* **Requirement**: Find "Кольцо цветок из" and "Täten ulkomainen korkotaso" in the records below. Copy the lines holding them and every line between, exactly, and no others.

* **Data records**:
○ ○ ○

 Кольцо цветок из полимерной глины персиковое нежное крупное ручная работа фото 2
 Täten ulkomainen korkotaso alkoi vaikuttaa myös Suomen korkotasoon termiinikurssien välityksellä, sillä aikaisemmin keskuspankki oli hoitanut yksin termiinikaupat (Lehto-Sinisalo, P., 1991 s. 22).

○ ○ ○

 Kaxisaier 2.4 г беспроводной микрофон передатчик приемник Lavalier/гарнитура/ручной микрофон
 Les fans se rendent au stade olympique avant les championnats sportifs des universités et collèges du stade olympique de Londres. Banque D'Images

○ ○ ○

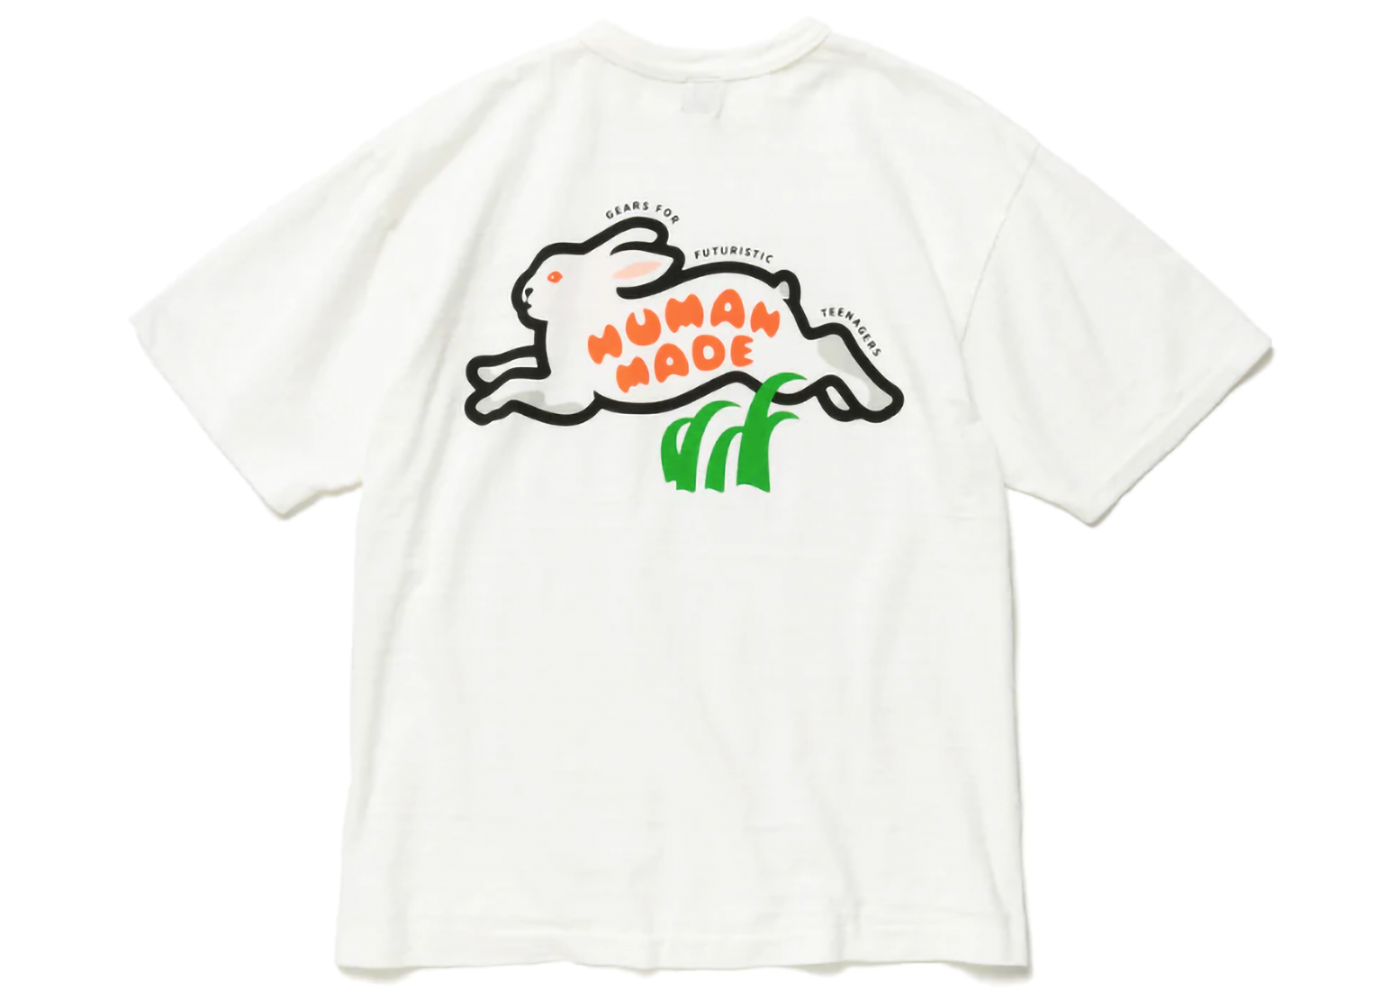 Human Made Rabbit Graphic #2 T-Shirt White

○ ○ ○

* **Response to the exercise**:
 Кольцо цветок из полимерной глины персиковое нежное крупное ручная работа фото 2
 Täten ulkomainen korkotaso alkoi vaikuttaa myös Suomen korkotasoon termiinikurssien välityksellä, sillä aikaisemmin keskuspankki oli hoitanut yksin termiinikaupat (Lehto-Sinisalo, P., 1991 s. 22).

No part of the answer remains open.